He stopped in mid-stride and cast a glance at the darkening sky. “It’s getting dark, Mr. Moore,” he remarked, as though the topic of hypnotism had never been mentioned. “We had better be getting back.”
That, I say, was how I met Pym. I have tried to convey my first reactions to his peculiar nature. He seemed, as I was with him day after day, to be pursuing some strange chimera of his own which controlled him with relentless power. Although he was always civil and pleasing, I had no doubts whatever about the moments of calm in which I often surprized him.
While out walking with him this odd facet of his nature was completely absent.
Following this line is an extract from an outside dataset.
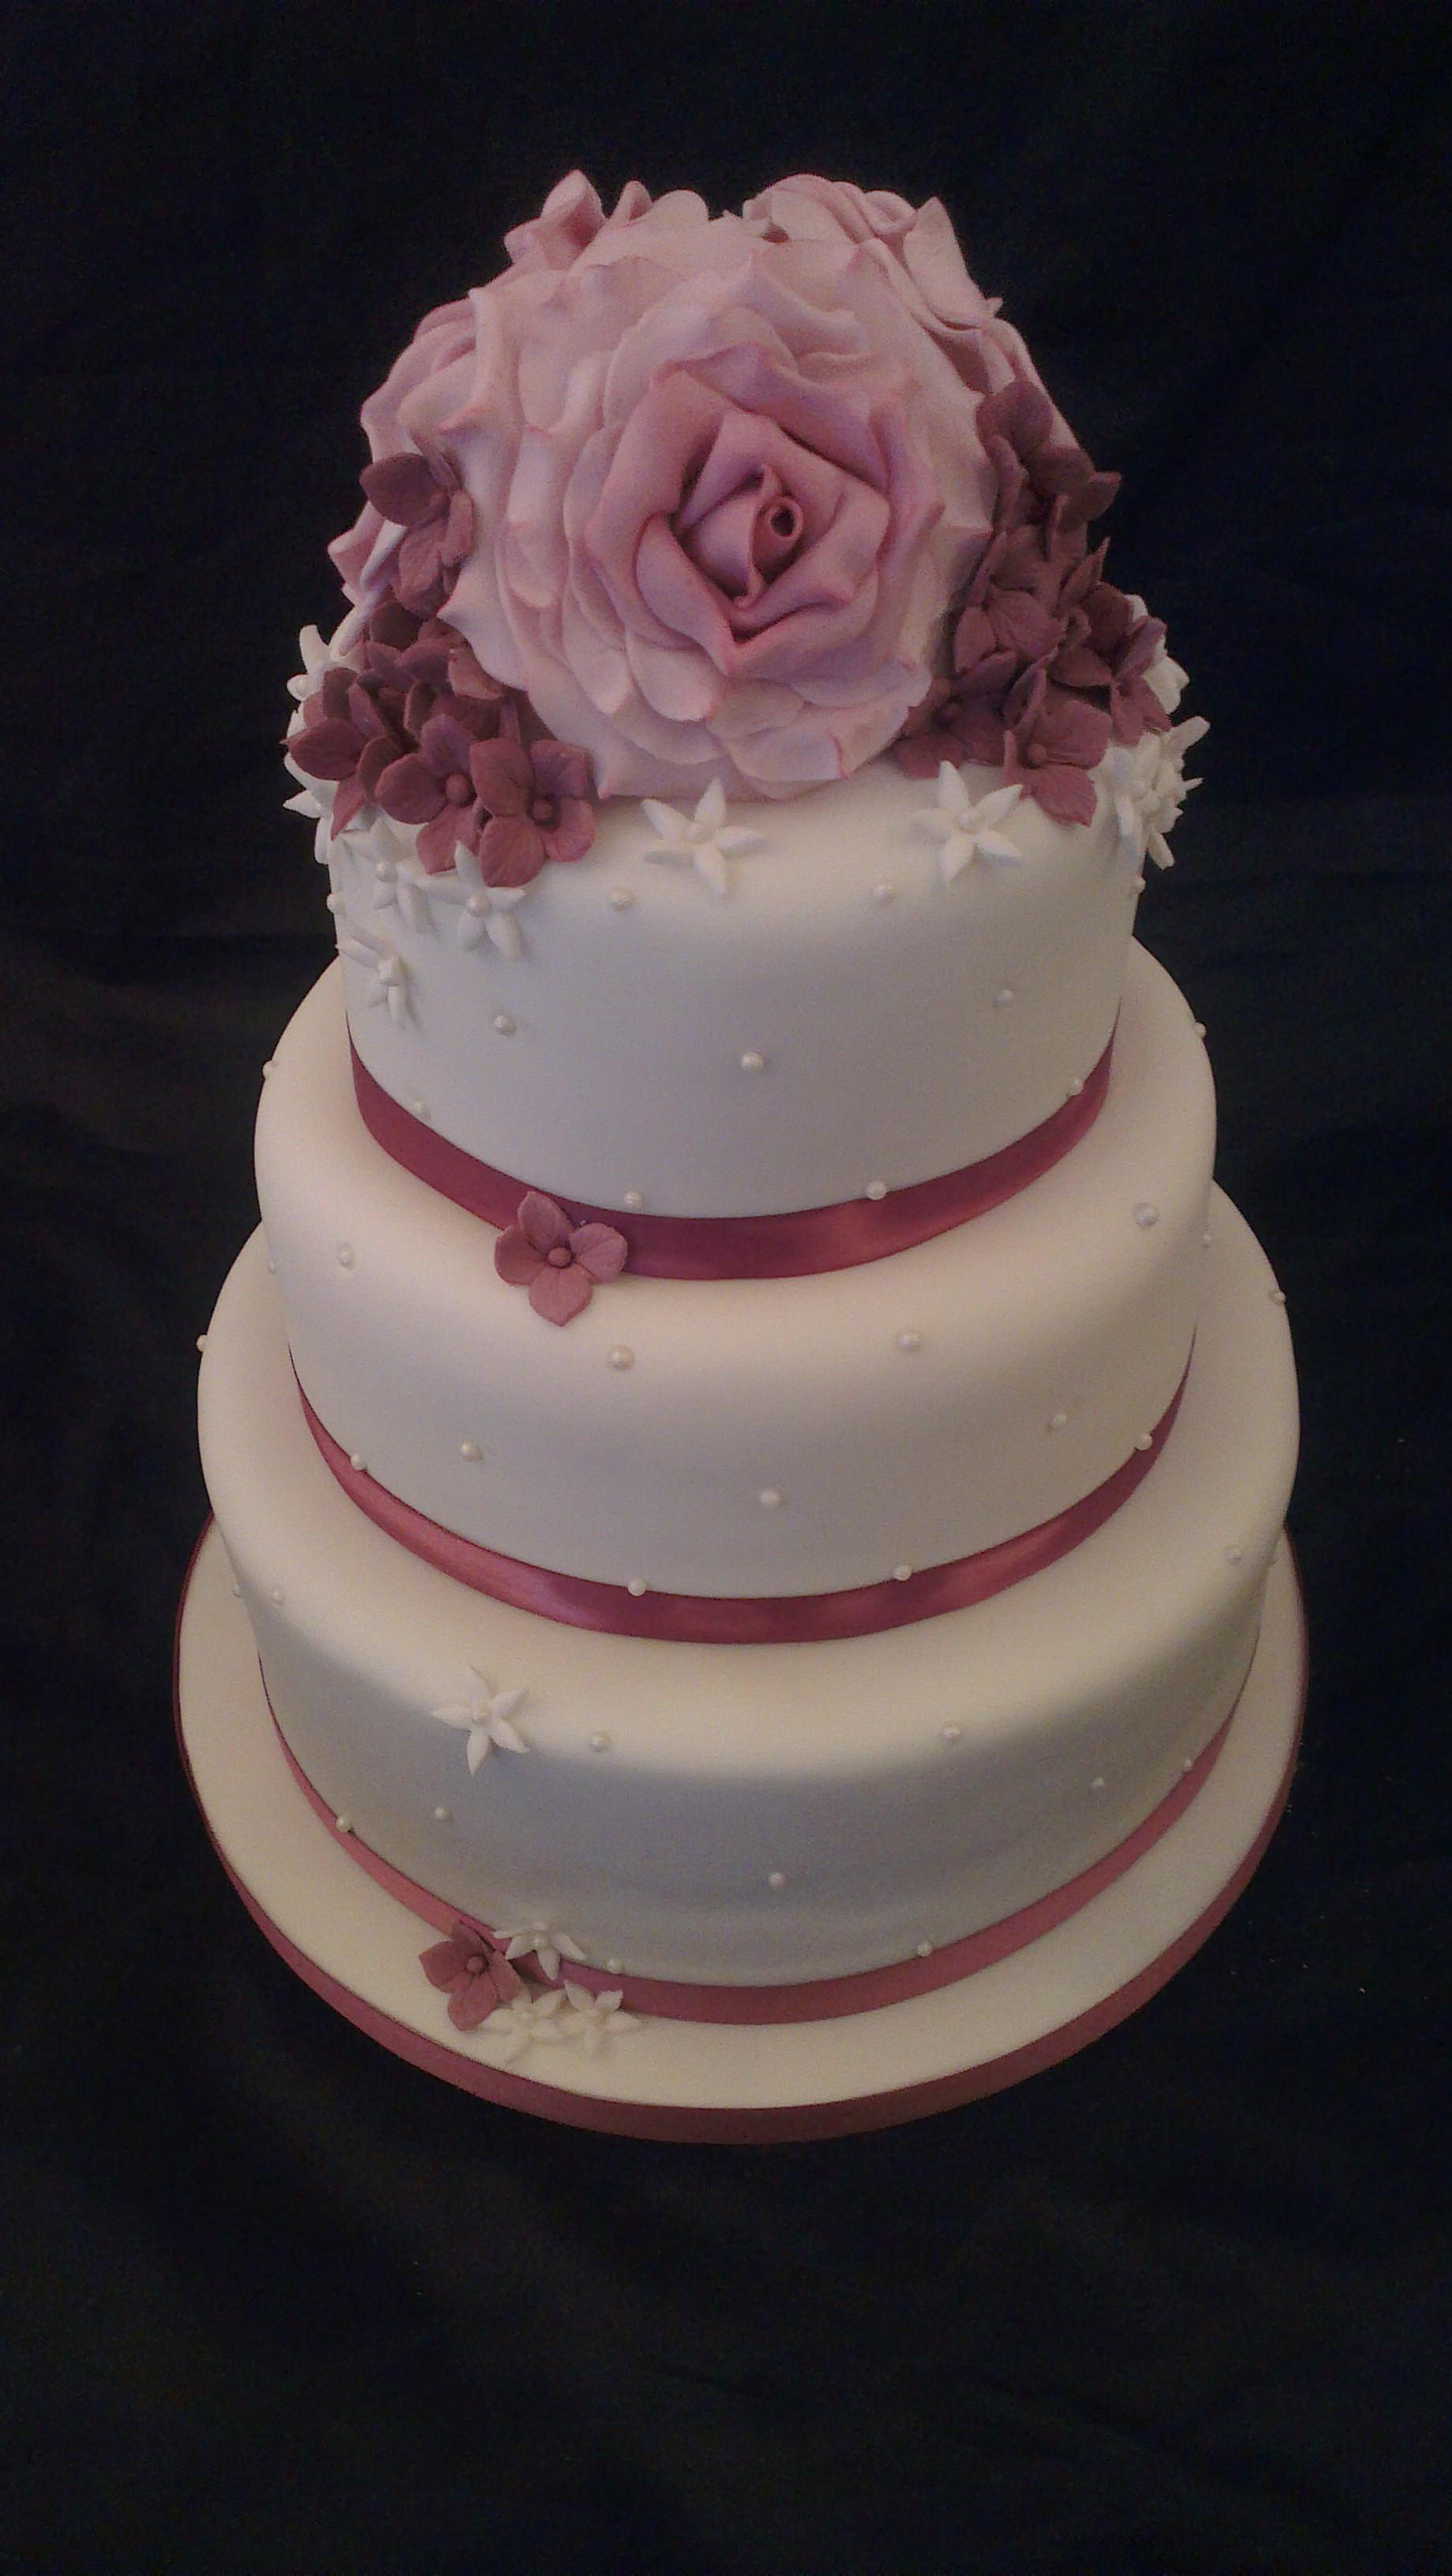 Who Makes Wedding Cakes  Wedding cakes Telford Shropshire fruitcake chocolate

He would talk in that fascinating, half-husky voice of his and throw out quite meaningless comments about his intended experiment—but within the staid and almost gloomy walls of our little hotel he would relapse again.
More often than not I found him gazing through the window at the stern bulk of Coniston Old Man, shifting his gaze only to take in the view of the sullen ramparts of Dow Crags to the left of the mountain. It was as though they held for him an intangible magnetism, as though they stimulated within him some unsuspected mental foible. And once I caught him muttering half aloud, quite unaware of my presence in the low-ceilinged room.
“. . . it is a fate which I shall administer justly, not with my own hands, but with all the resources of my brain. There can be no other way.”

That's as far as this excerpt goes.